Explained: Why SEBI postponed F&O margin rules and what happens now
The Securities and Exchange Board of India has deferred the implementation of the new 50% cash-margin rules for the futures and options (F&O) segment to February 28, 2022.
This effectively gives F&O traders three more months beyond the December 1 deadline that was earlier set by the capital markets regulator.
Why did the regulator defer the implementation of the new margin rules?
In a circular, SEBI cited investor interest, and market regulation and development as reasons for the decision to defer the new rules.
What do the existing rules allow?
The existing rules allow investors to cover their margins entirely with their securities. But as per the new rules, they will need to keep 50% of the value in cash in their account as margins to trade in these segments.
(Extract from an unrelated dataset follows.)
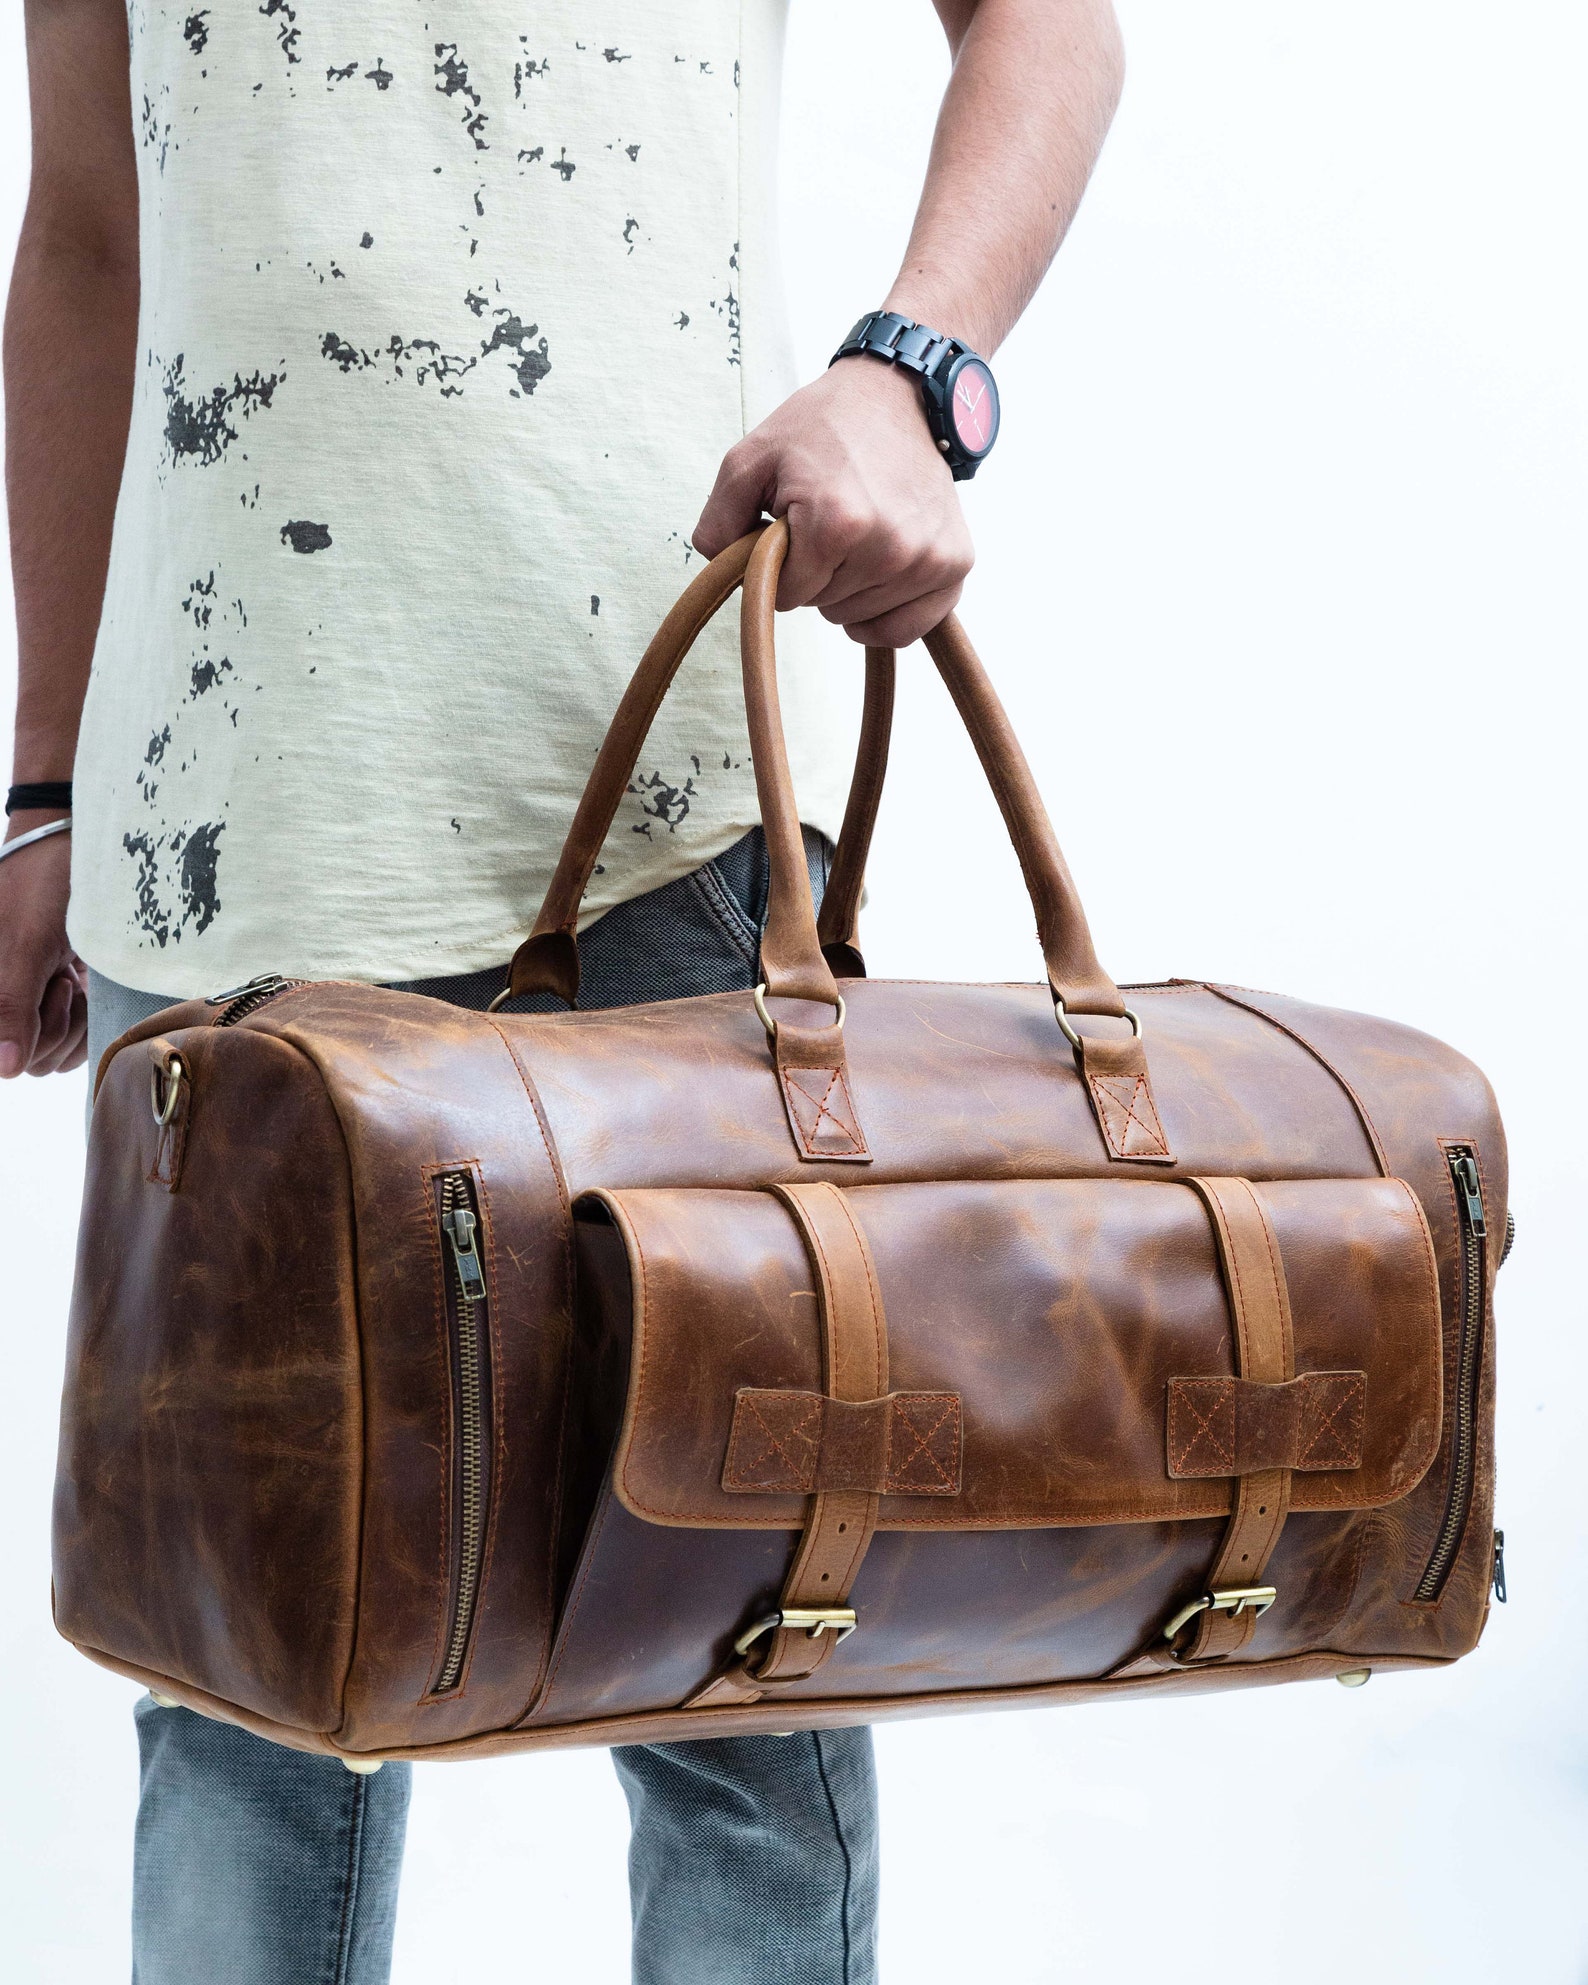 Genuine Full Grain Leather Duffel Bag Weekend Bag Luggage Bag | Etsy

But what exactly is margin?
Margin is essentially a facility that traders use to buy shares they cannot yet afford. They basically pay a part of the money to buy those shares with a marginal amount of the total value. The remainder of the money has to be paid in two days’ time.
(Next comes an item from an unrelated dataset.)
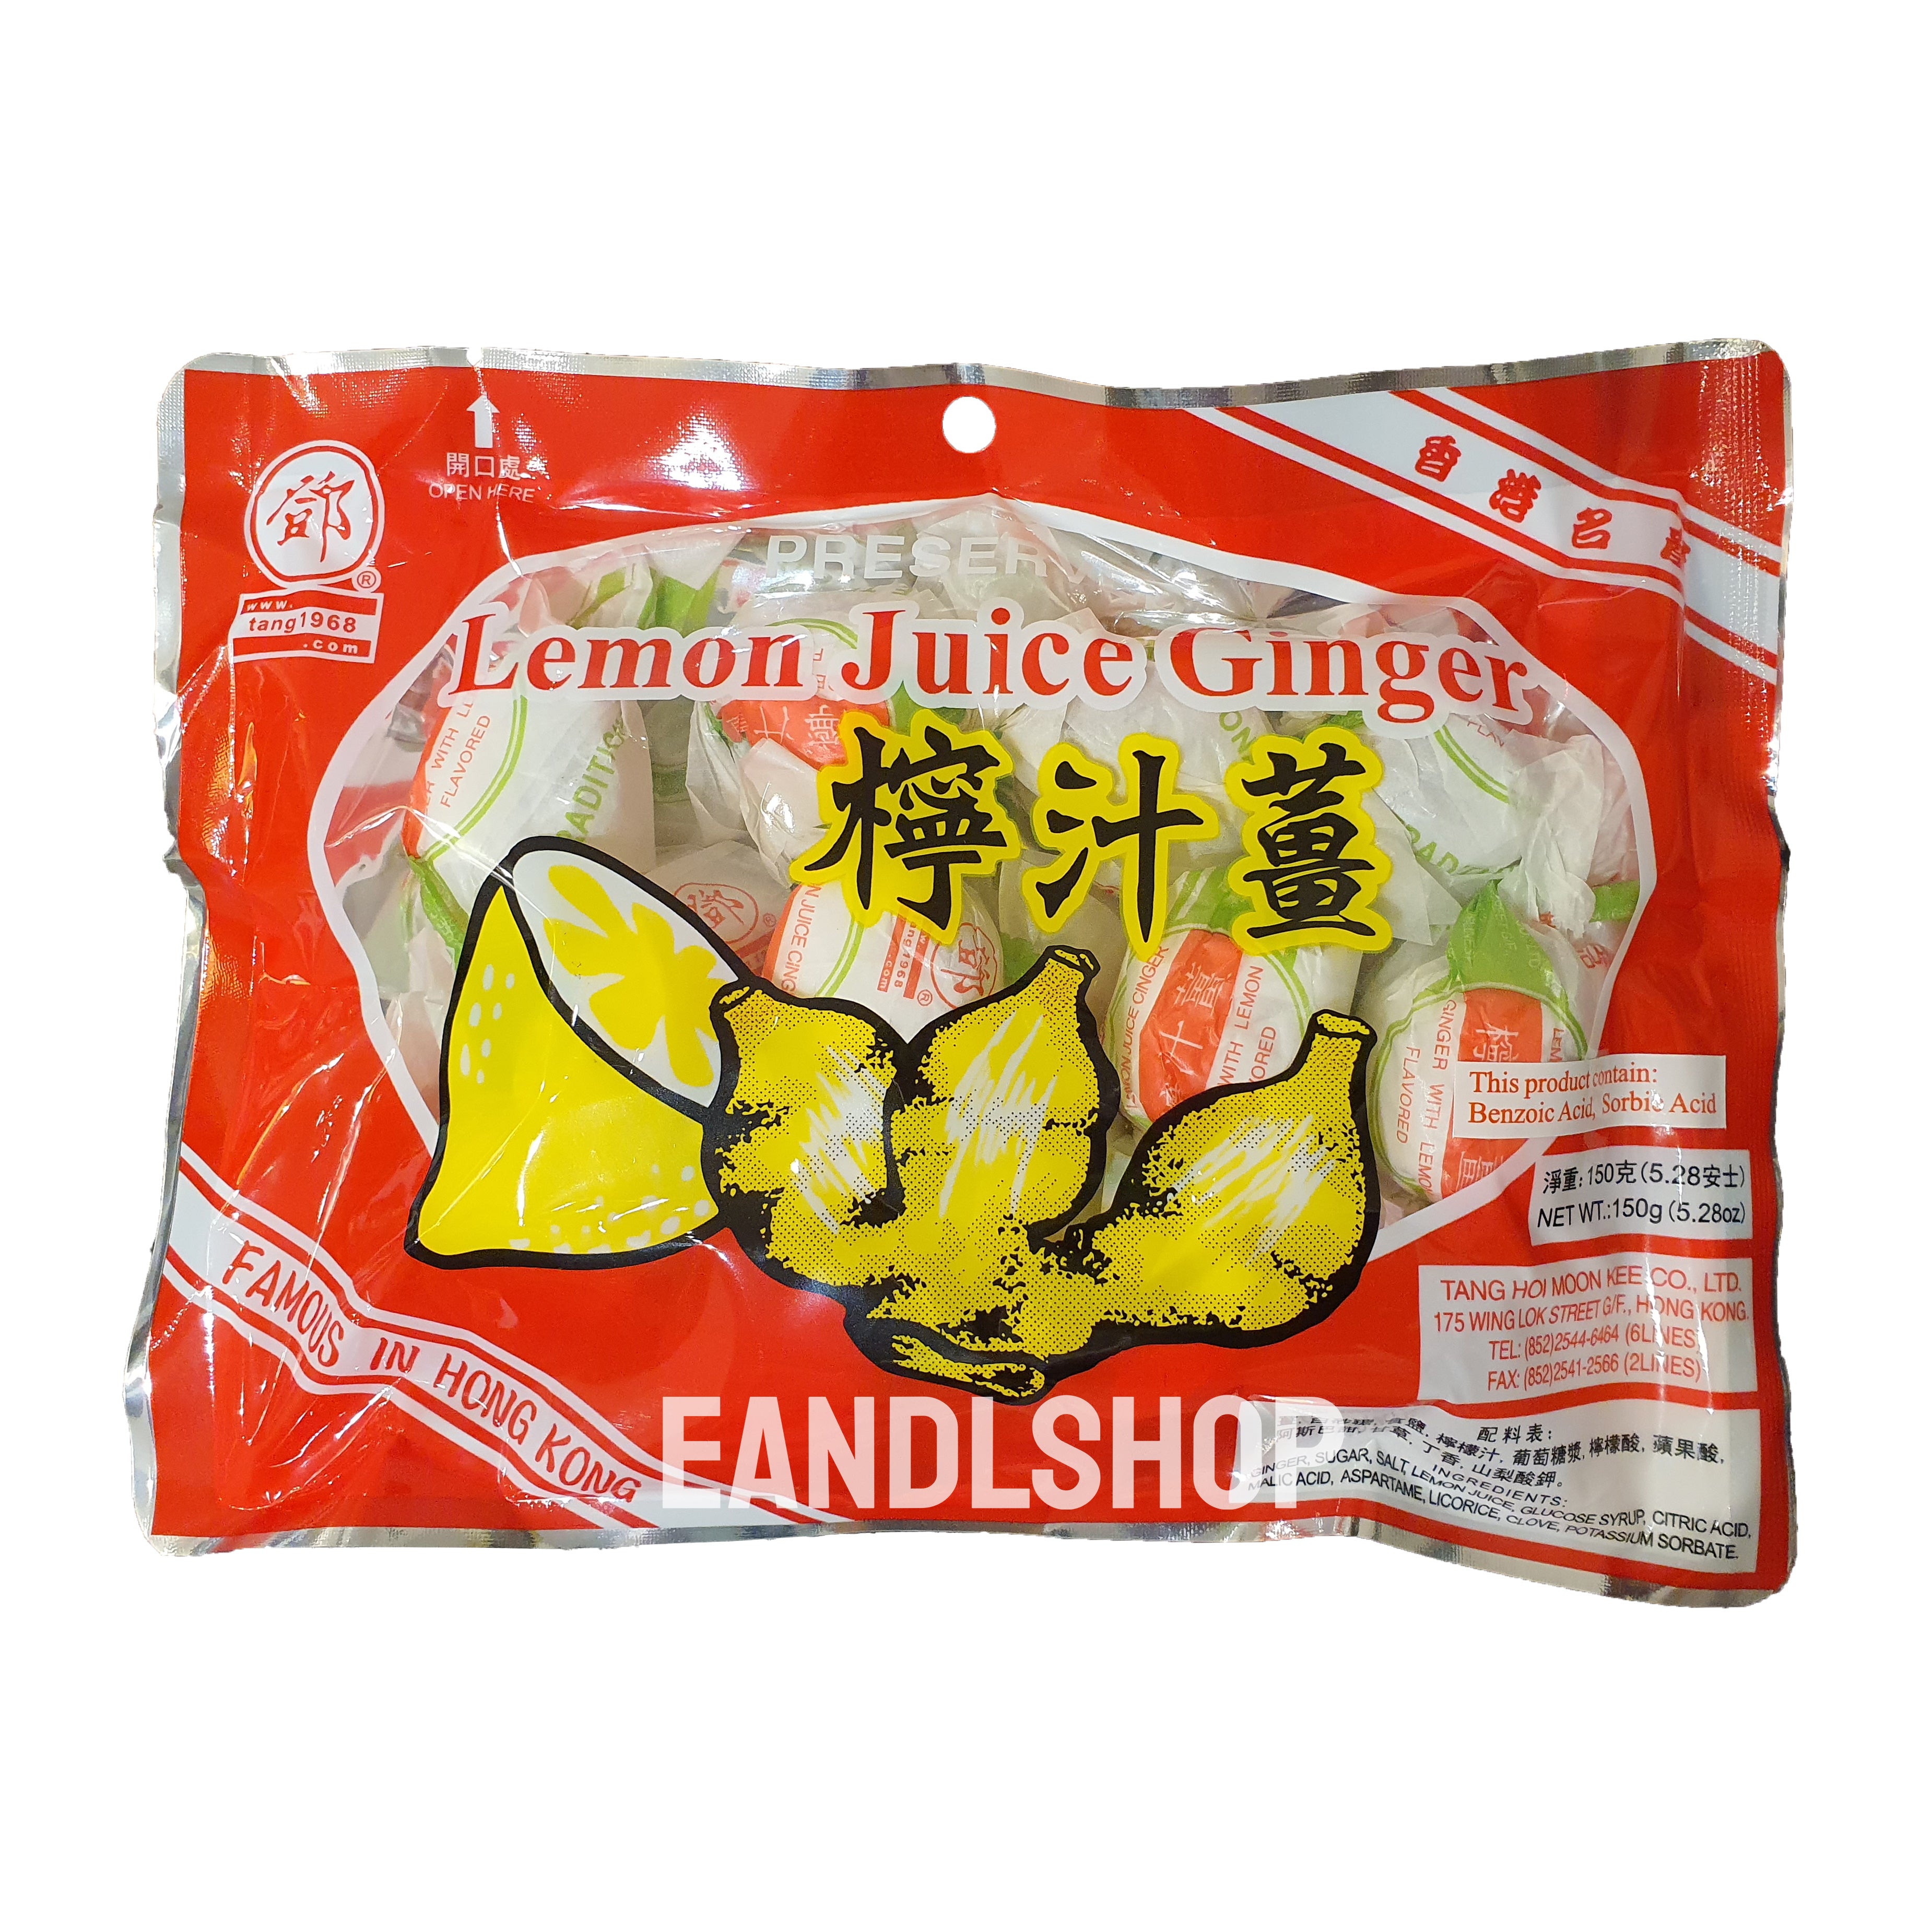 Preserved Lemon Juice Ginger (Seedless) – EANDLSHOP

How did brokers react to the deferment?
According to a report by The Hindu Business Line newspaper, brokers said the deferment is likely to create positive sentiment in markets since the rule would have led to many retail investors trimming their derivative trades as the margin requirement would have witnessed a steep hike.
The report said that following the SEBI order, brokers had already started collecting 50% cash margin from derivative traders even though the circular was to come into effect from December 1.
“Cash margins had started putting pressure on brokers for additional cash margin to reduce their risk. SEBI had also stipulated that any excess margin of one client cannot be used for another,” it added.
What will happen now, in effect, at least till the end of February?
Brokers will now be able to accept shares as margin instead of cash, which is the preferred mode by the retail segment traders.
But why do retail investors matter so much?
Retail investors matter because in the derivative market they dominate as they hold significantly higher positions in the F&O segment as compared to foreign institutional traders.
According to the news report cited earlier, at present, retail investors hold 69% of the overall index long calls and 67% index short call options as well as 60% and 71% of index long put and index short put options positions, respectively.
Retail investors also hold 55% of index long futures and 45% of index short positions; and 54% of stock futures long.